Foxpass integrates with your current root identity (whether that's Google Apps, Office 365, Bitium, Okta, OneLogin, etc.) to bring single-sign-on into your server and Wifi infrastructure.
Foxpass is cloud-hosted, meaning there's no hardware to build, buy, scale, or maintain. And if cloud doesn't work for you, we have an on-premise version available.
With Foxpass, it's no longer necessary to hard-code all users, groups, and SSH keys onto each host with Puppet or Chef. Instead, using trusted LDAP PAM modules built into every popular Linux distro, each host will check Foxpass to see if a certain user is allowed access, and then will check the user's SSH key with the keys in the user's Foxpass account. LDAP will pass along the user's group information as well, which facilitates a robust and dynamic access policy on a per-host or per-resource basis. Example setup notes are available.
Foxpass allows you to have individual logins to your Mac OSX computers, all served up from our LDAP server. Each user will get his/her own private home folder, or all users can share one.

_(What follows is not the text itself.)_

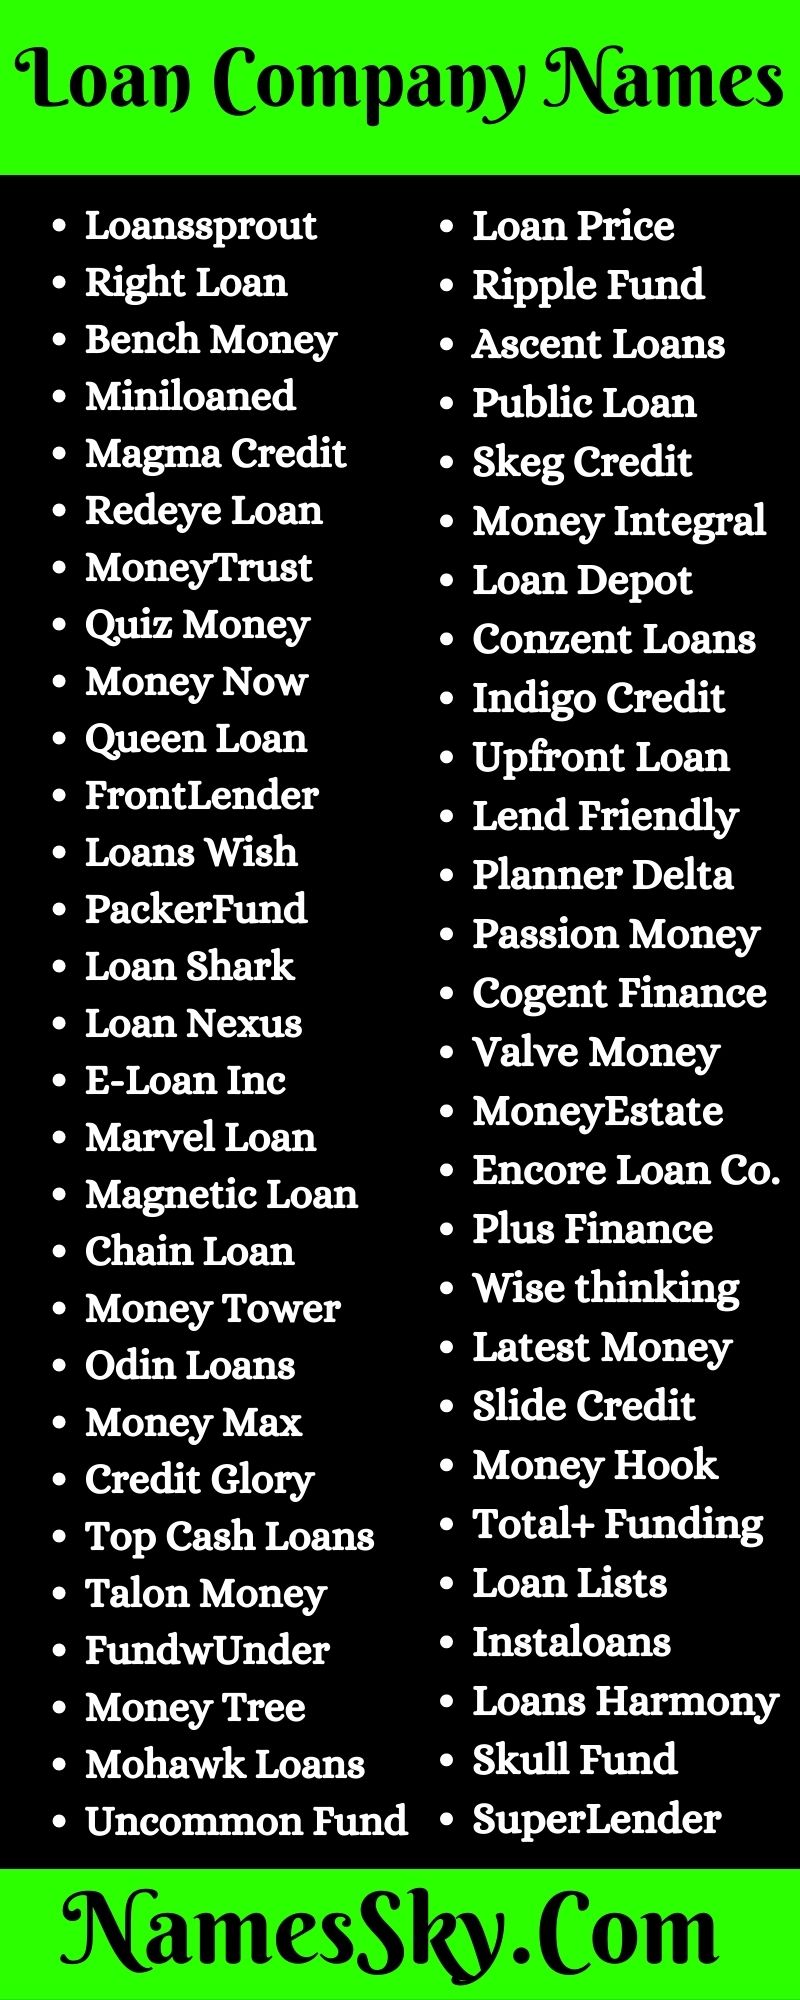 Loan Company Names

Applications like OpenVPN, Jenkins, Tableau, Chef Server, Nagios, TeamCity, JAMF Casper, Github Enterprise, Splunk, etc. have LDAP connectors that will work with Foxpass. See our documentation for detailed how-to for many applications.
A network password that is shared with all employees is a security risk when an employee departs and the password is not changed. Most access points support WPA2 enterprise, which enables 802.1x authentication via RADIUS. By default, our RADIUS servers use only the most secure RADIUS variants available: EAP-TTLS-PAP to secure password transmissions over the Internet and (optionally) certificate-based EAP-TLS. (PEAP and PAP available but not recommended.) Our RADIUS interface can also work to simplify logins to your VPN.

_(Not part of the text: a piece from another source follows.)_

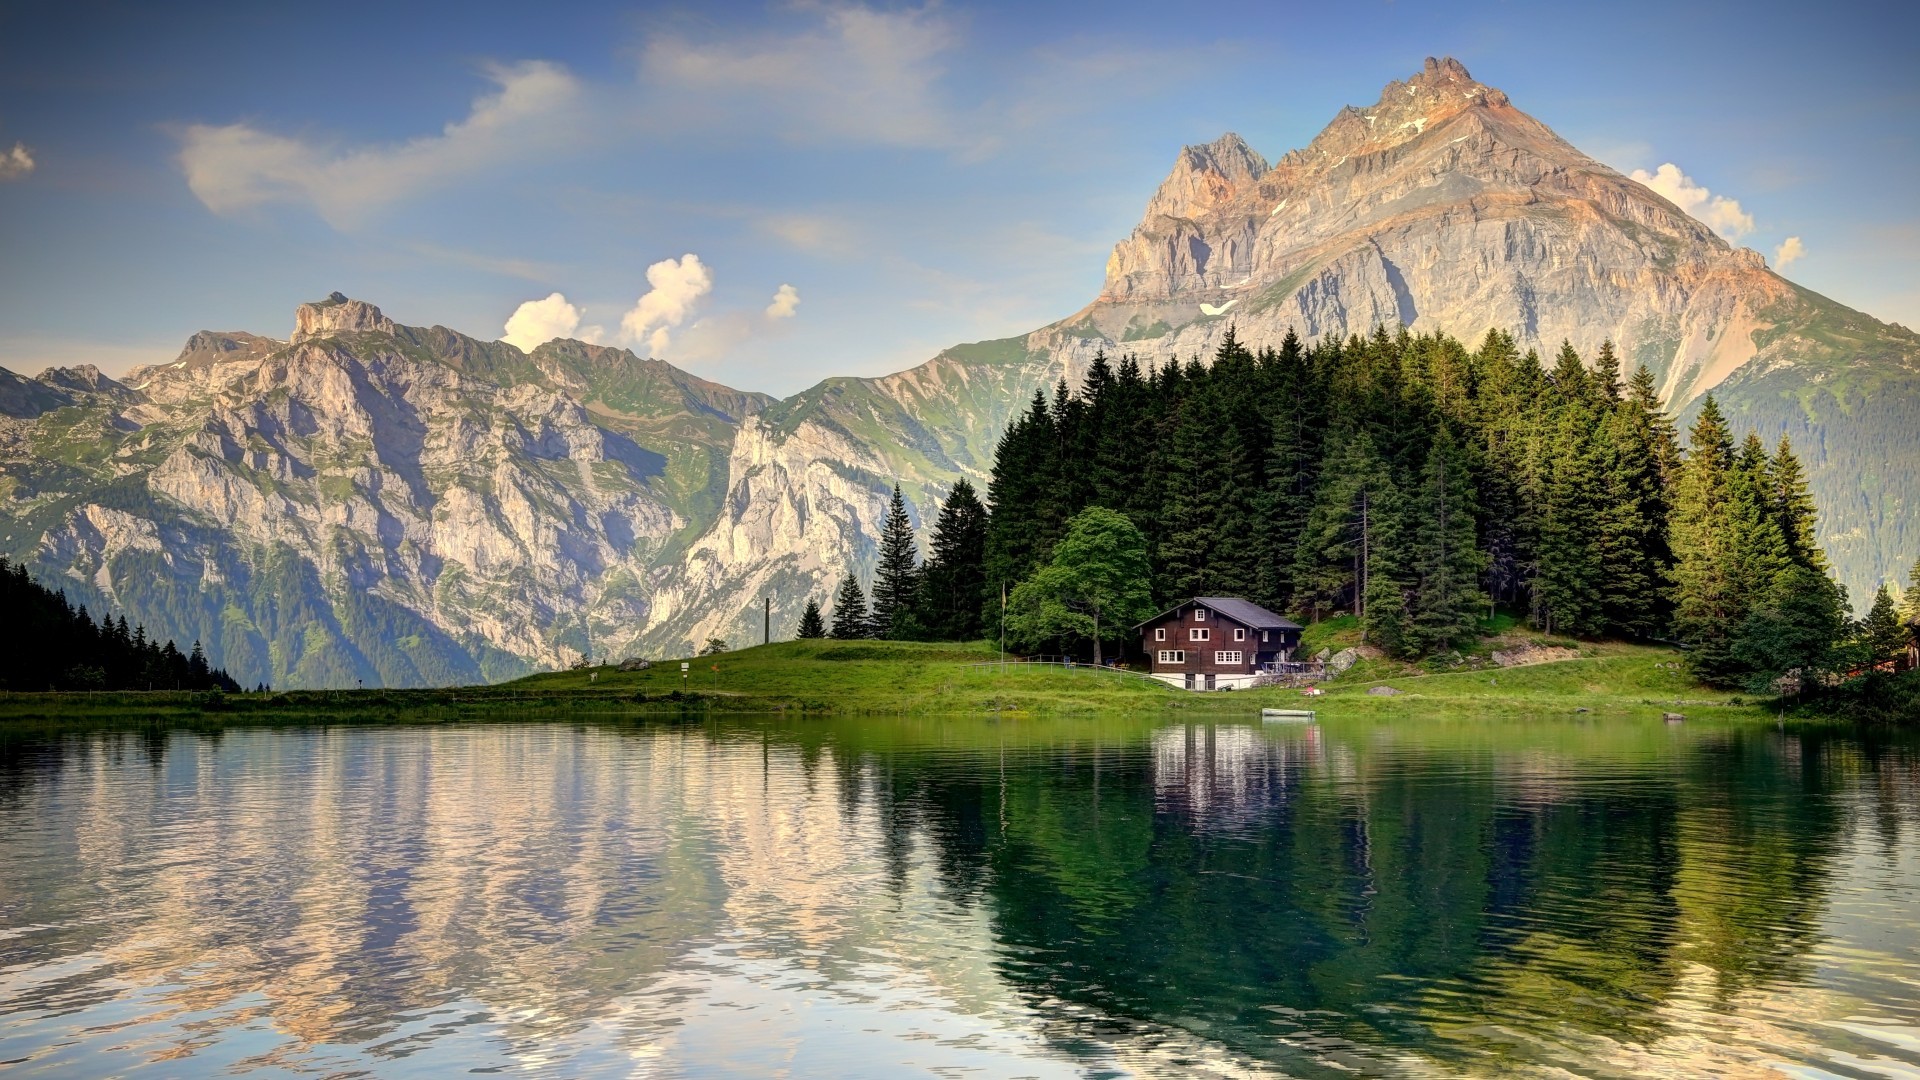 General 1920x1080 landscape Swiss Alps mountains lake cottage Switzerland reflection house nature

Foxpass allows users to manage their own SSH keys. When an employee gets a new laptop, he/she can upload his/her new key to Foxpass and log into machines without needing to go through an admin or wait for a Puppet/Chef cycle. Furthermore, admins can enforce an SSH key rotation policy adhere to company guidelines.

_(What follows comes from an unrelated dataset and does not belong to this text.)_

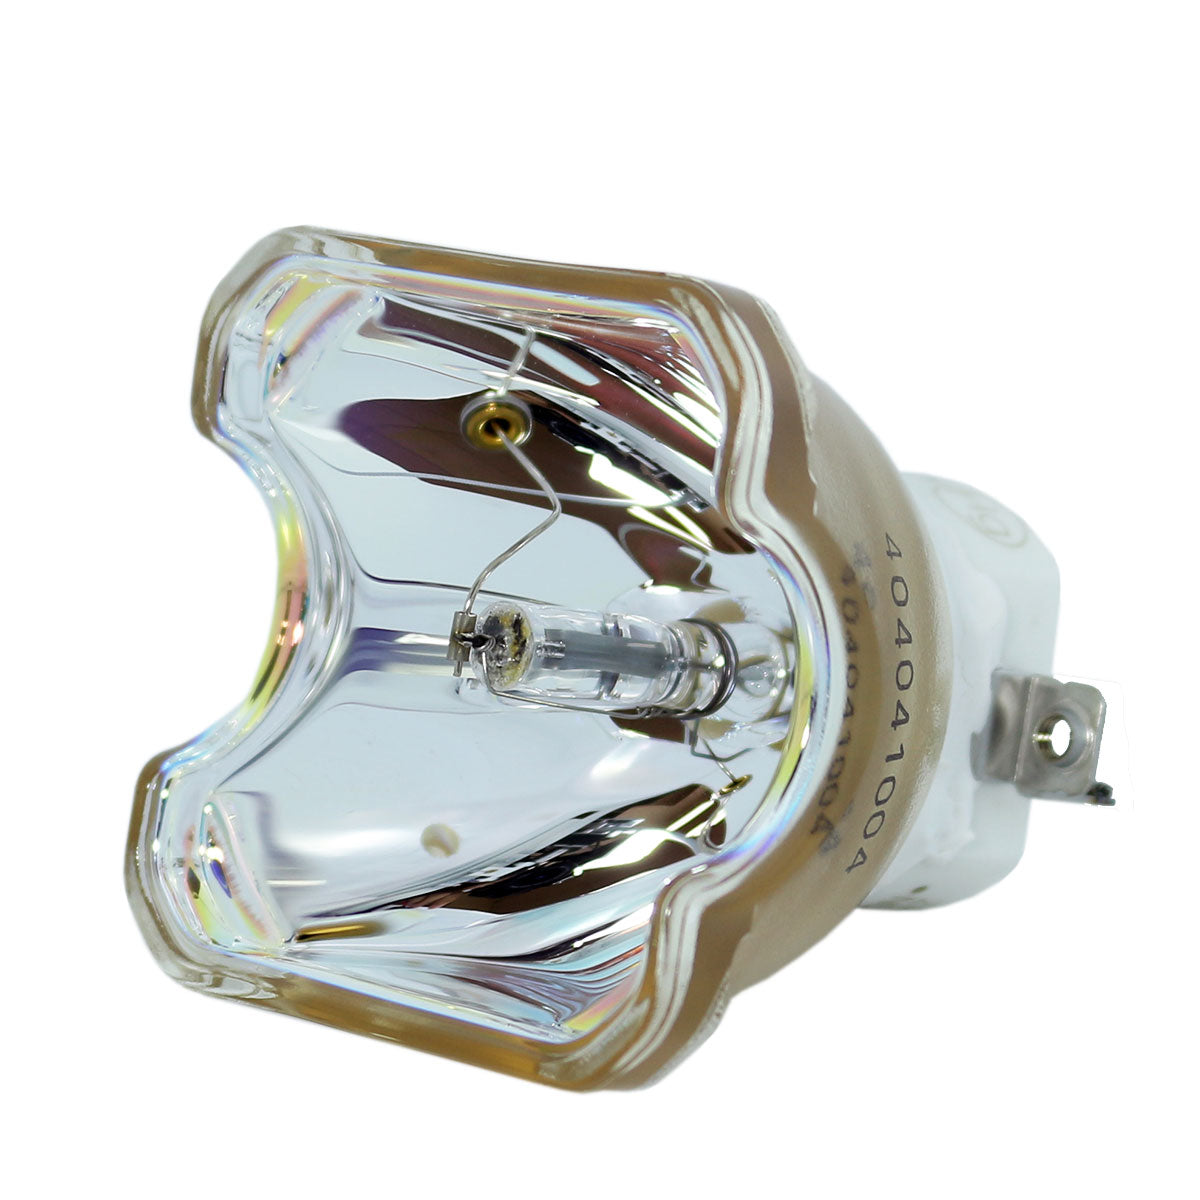 Viewsonic RBB-009H Ushio Projector Bare Lamp

Infrastructure access should not be all-or-none. Server access should be granted only on a "need-to-go" basis. Foxpass makes it simple to create groups of servers; either by hostname or by Amazon Web Services properties like VPC id, Subnet id, or even a tag. Individual users and groups of users can be permitted access, either on a permanent or temporary basis. Now it's simple to let a single QA engineer visit production to track down a bug, but have their access be revoked automatically at the end of the day.